Back To Basics - Section III. Reporting Additional Diagnoses

Cathie Wilde, RHIA, CCS - Director, Coding Services Medical Coding Leave a Comment

Back To Basics - Section III. Reporting Additional Diagnoses

One of the more prominent guidelines found in the ICD-10-CM Official Guidelines for Coding and Reporting is Section III. Reporting Additional Diagnoses but it isn’t always applied appropriately.

The guideline states: For reporting purposes the definition for “other diagnoses” is interpreted as additional conditions that affect patient care in terms of requiring:
clinical evaluation; or
therapeutic treatment; or
diagnostic procedures; or
extended length of hospital stay; or
increased nursing care and/or monitoring

It also draws from the Uniform Hospital Discharge Data Set (UHDDS) item #11-b which defines Other Diagnoses as “all conditions that coexist at the time of admission, that develop subsequently, or that affect the treatment received and/or the length of stay. Diagnoses that relate to an earlier episode which have no bearing on the current hospital stay are to be excluded”. UHDDS definitions were the product of a 1985 Federal Register (Vol. 50, No.147) and are used by acute care short-term hospitals to report inpatient data elements in a standardized manner. They have since been expanded and applied in other non-outpatient settings such as long-term care and psychiatric hospitals.

Before you assign a secondary diagnosis to consider whether the condition meets any of the elements for affecting patient care noted above.

The physician documents a condition in the medical record. Before coding the diagnosis, ask yourself questions related to the criteria outlined in the guideline: What medications did the patient receive? What laboratory and radiology procedure were performed? What time-consuming nursing care was provided? What condition is being evaluated by a consultant? And, do those services directly relate to the diagnosis to be coded.

Ask yourself, could you justify the coding of the condition based on the official guideline. One area that tends to be problematic in payment denials is the coding of a condition that has no bearing on the current hospitalization even though it may be clearly documented by the physician. This is particularly evident in payers that use the All Patient Refined (APR) groupers for reimbursements such as Blue Cross/Blue Shield and Medicaid programs. Sometimes a seemingly minor condition may impact the DRG reimbursement unexpectedly. If that condition doesn’t meet the reporting of additional diagnoses guideline, potentially it could be denied for additional reimbursement.

One example is vitamin D deficiency (E55.9).
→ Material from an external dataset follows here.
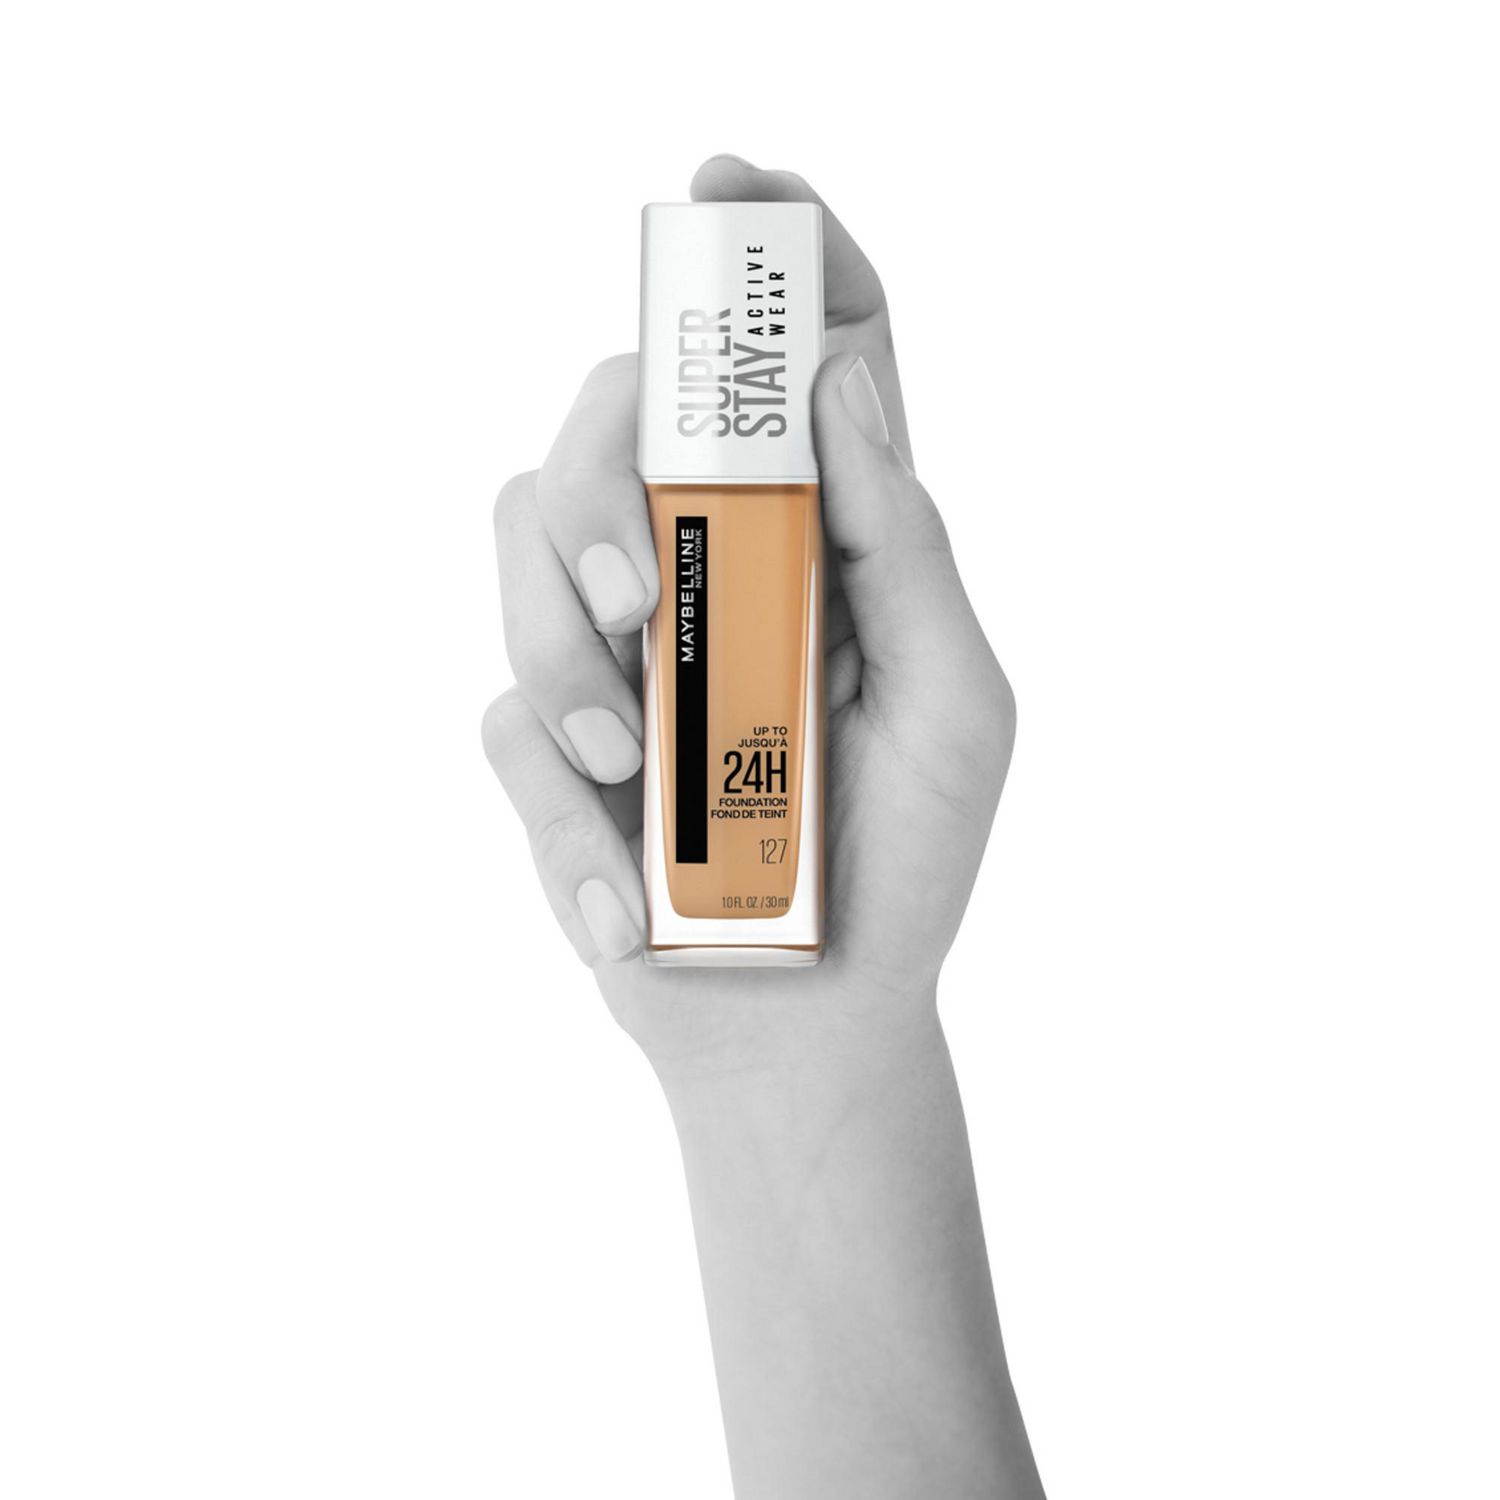 Maybelline New York Maybelline Super Stay Full coverage liquid Foundation  Makeup, 127 Sand Beige, 30 Milliliters (Packaging may vary)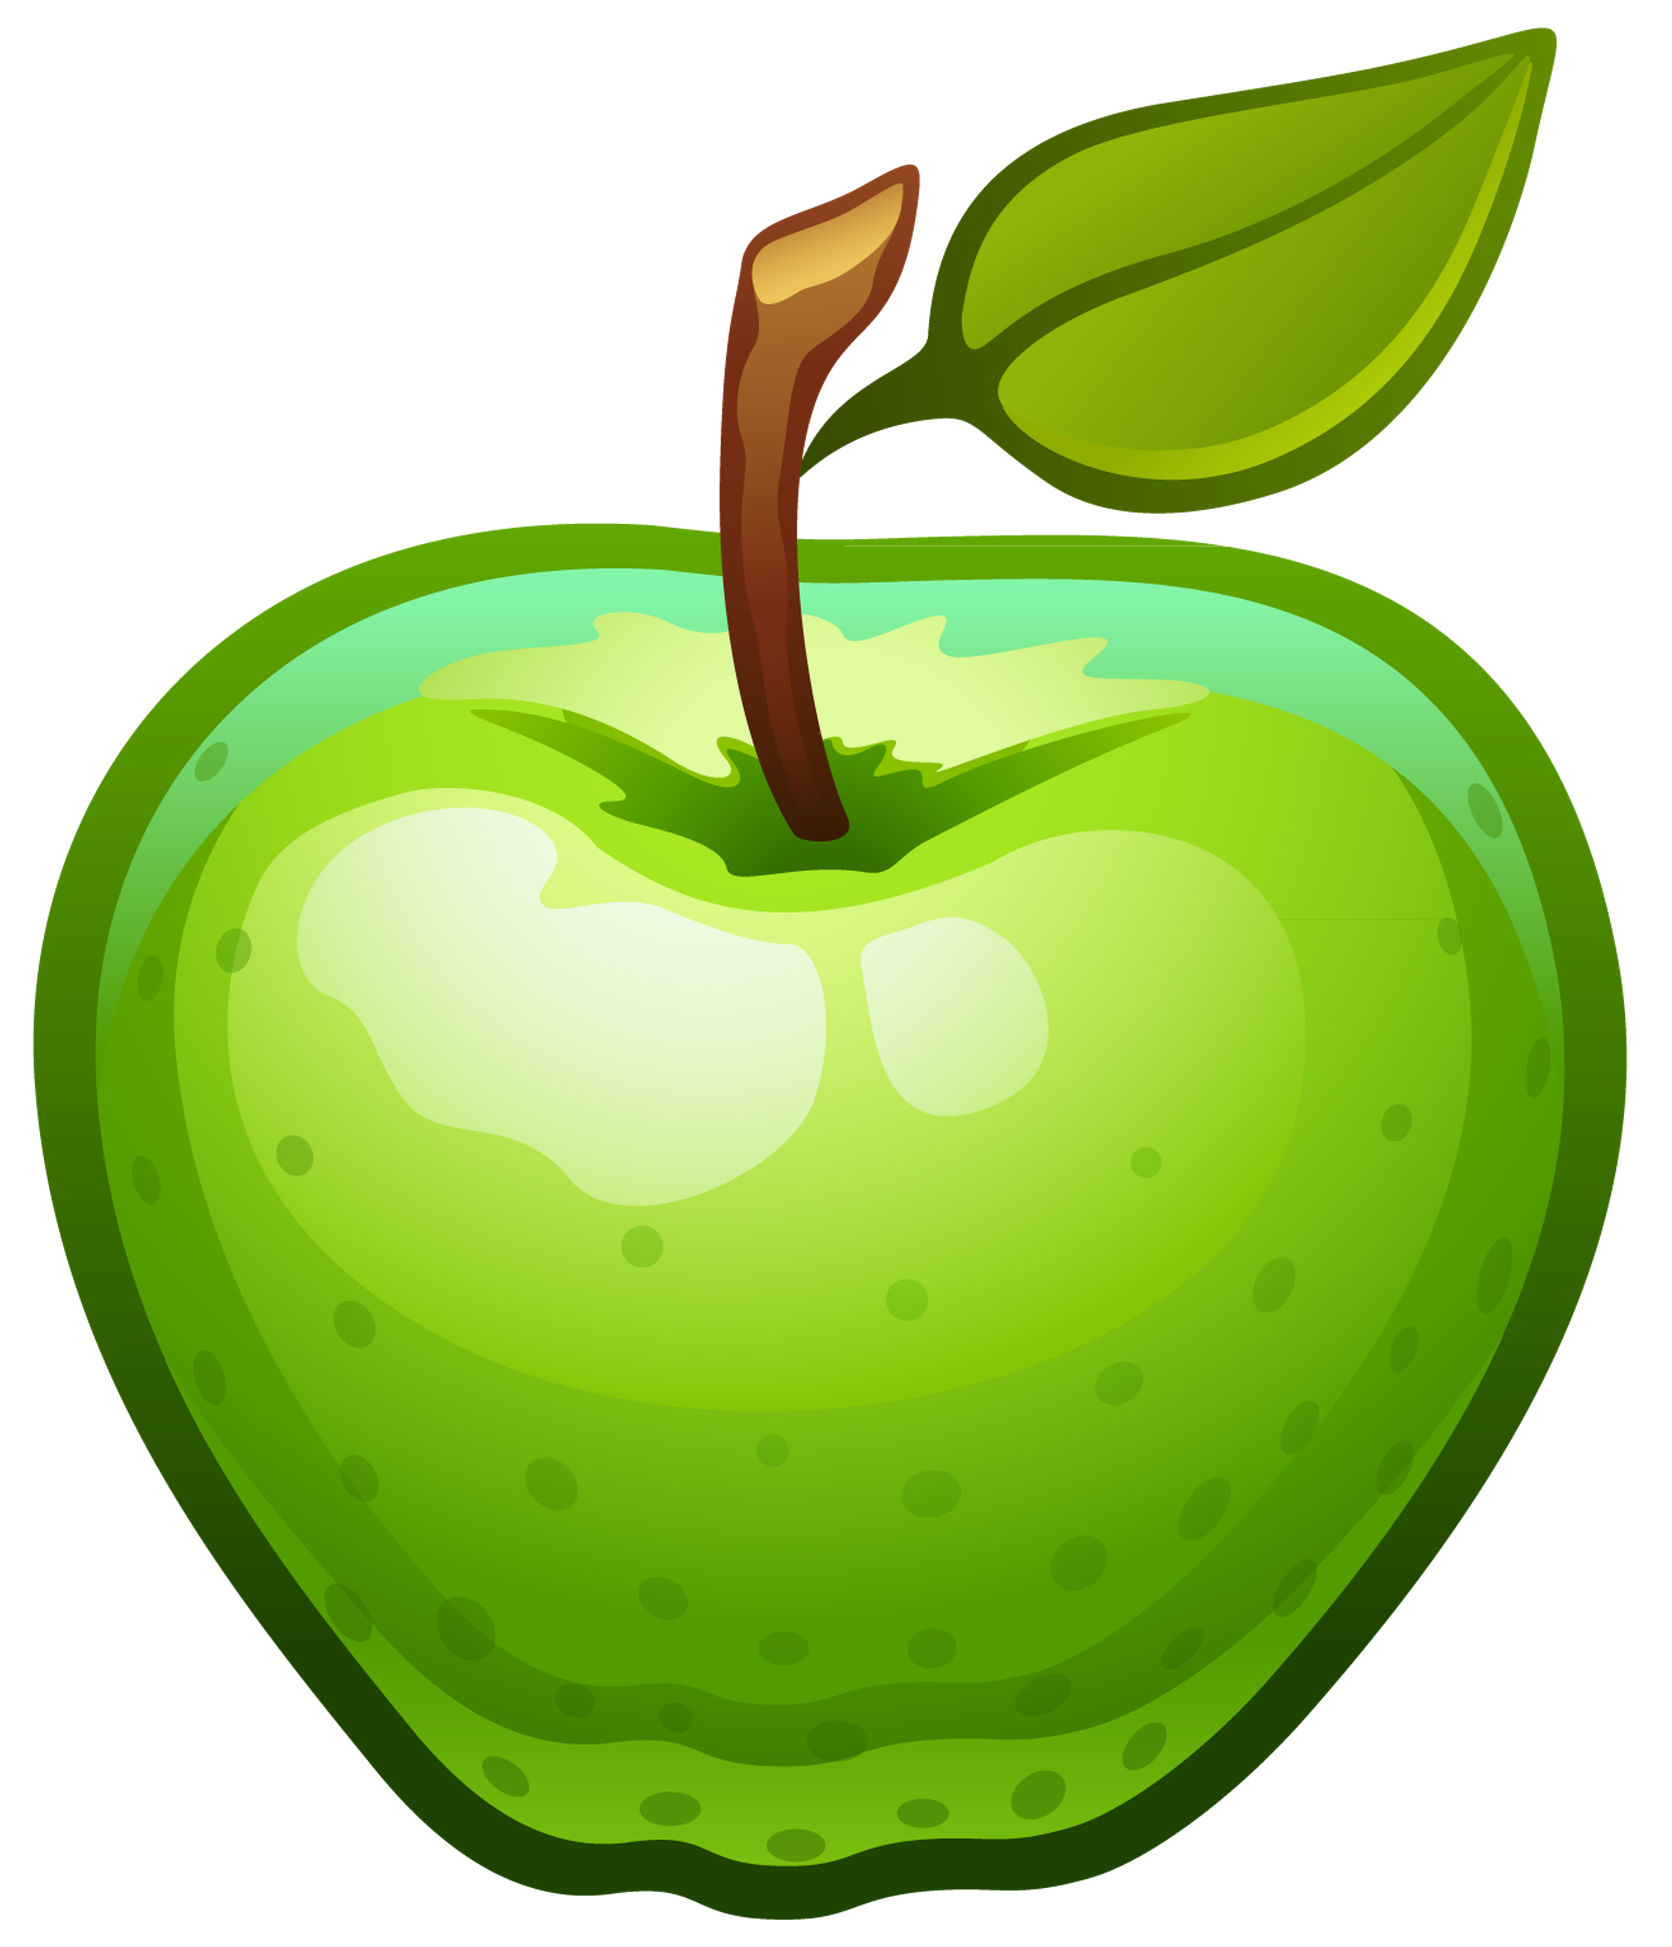 Green apple core clipart no background

This condition may be reported in the past medical history section of the history & physical. It should not be reported automatically without checking its impact on the current patient care. Was the patient’s vitamin D level checked? Did the patient receive vitamin D supplementation during hospitalization?

However, some conditions documented in the past medical history may be pertinent to code as they co-exist at the time of admission and the patient’s care is affected. Some common diagnoses in this category are atrial fibrillation, hypertension, and congestive heart failure. Though the conditions may not be prominent in the current hospitalization for an unrelated diagnosis, they may still be pertinent and appropriate to code. The patient may be on maintenance medications for the treatment of the atrial fibrillation (e.g., Coumadin), hypertension (e.g., Atenolol) and congestive heart failure (e.g., Lasix).

As you code your secondary diagnoses, keep in mind the criteria found in Section III. Reporting Additional Diagnoses. It will not only provide a more accurate database but offer support should a diagnosis be questioned in a payment denial.